◆ WORK REQUIRED: Look through the records below for the line with "Голосование на референдуме". Return that line and each one after it up to and including the line with "文件夾 歌舞妓【共1款】 震撼日式精品百貨", exactly.

◆ EXERCISE MATERIAL:
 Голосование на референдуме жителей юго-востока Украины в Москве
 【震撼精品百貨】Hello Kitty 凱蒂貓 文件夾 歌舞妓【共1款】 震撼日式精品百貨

==

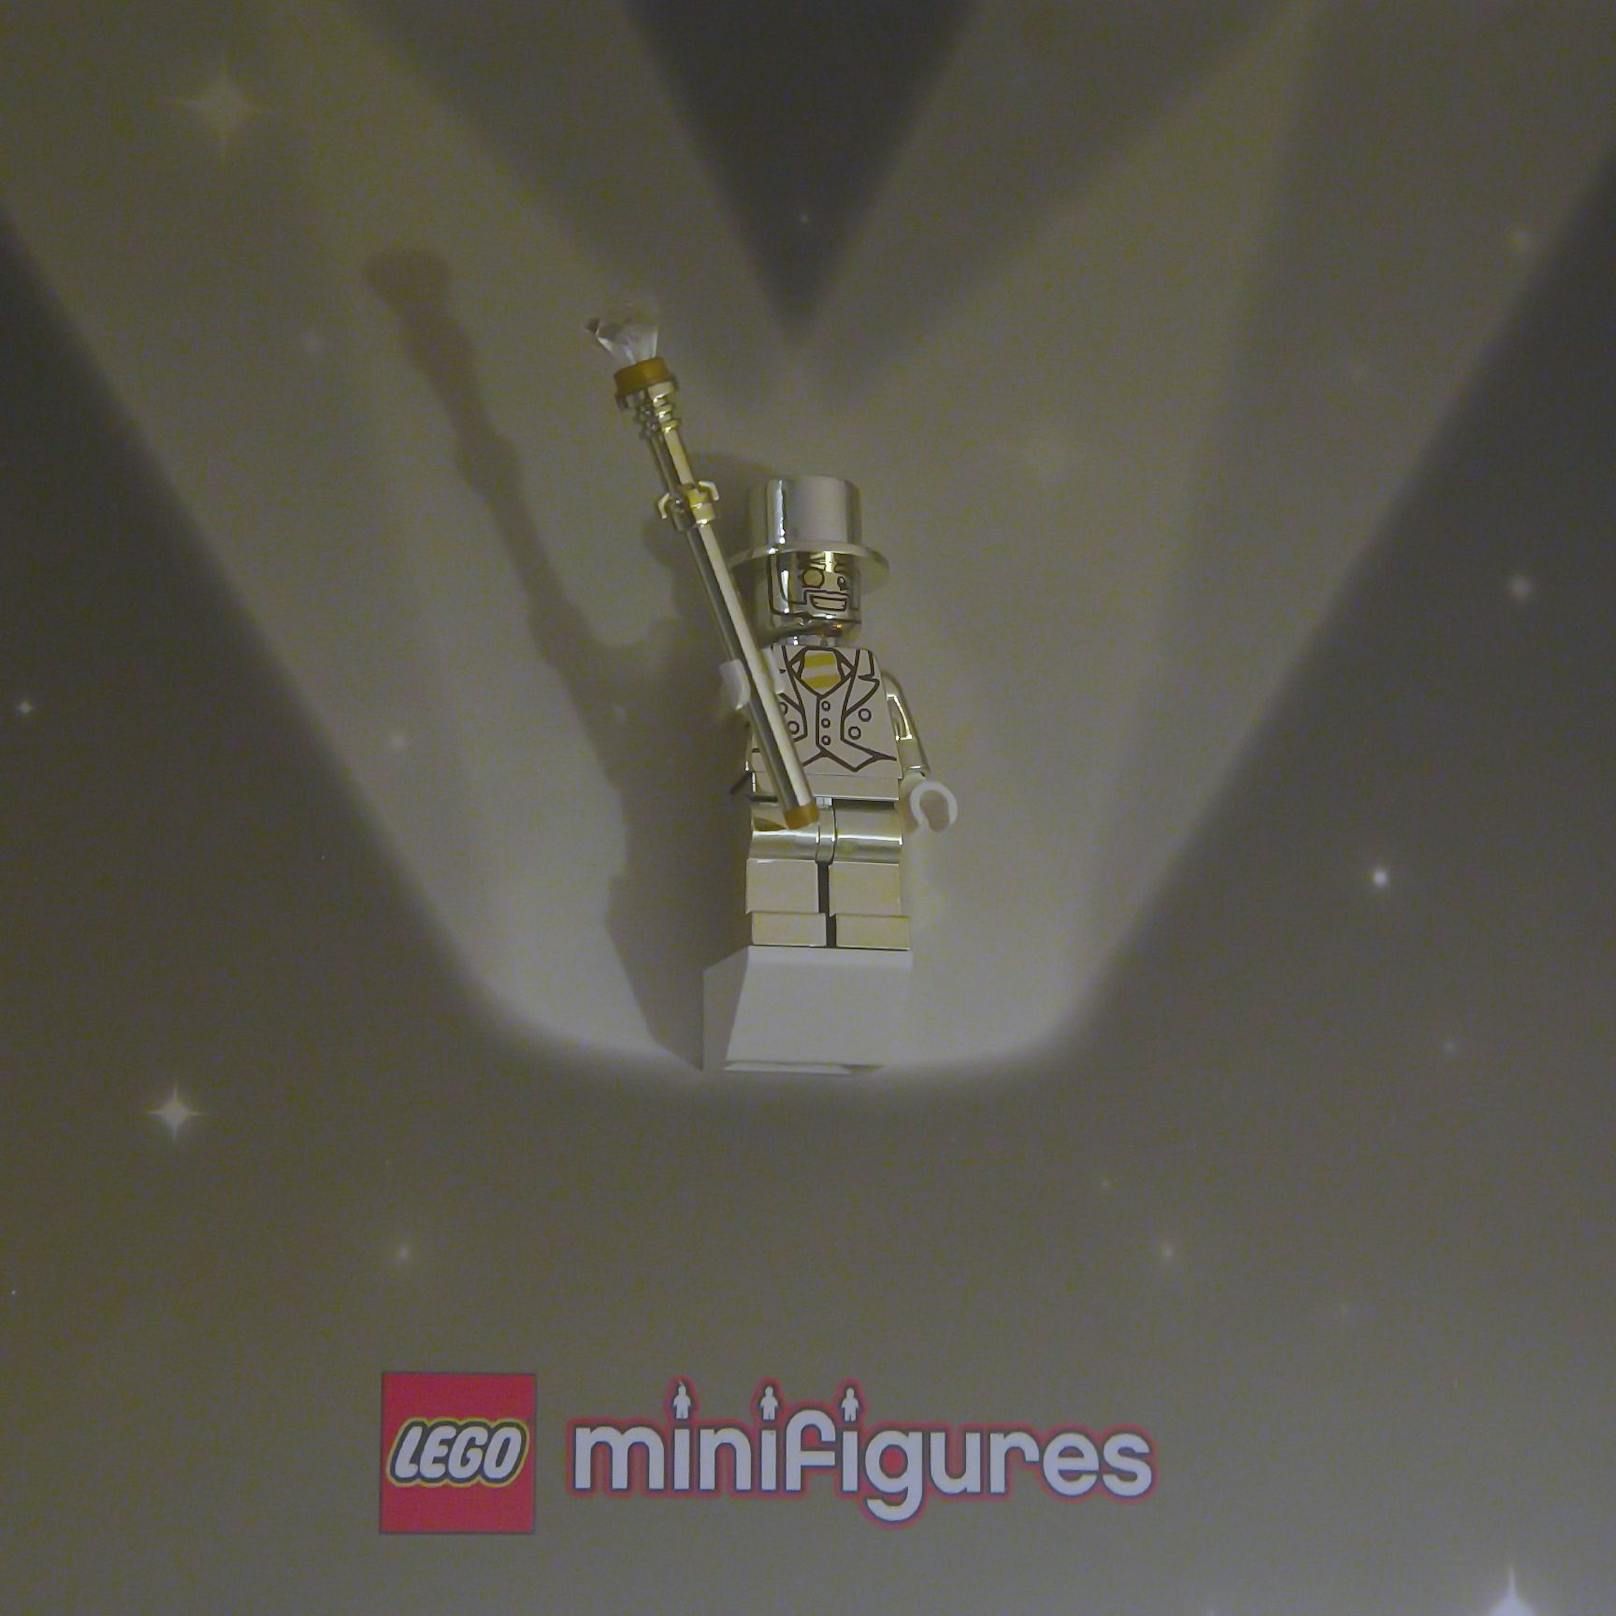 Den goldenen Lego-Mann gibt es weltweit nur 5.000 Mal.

◆ RESULT OF THE EXERCISE:
 Голосование на референдуме жителей юго-востока Украины в Москве
 【震撼精品百貨】Hello Kitty 凱蒂貓 文件夾 歌舞妓【共1款】 震撼日式精品百貨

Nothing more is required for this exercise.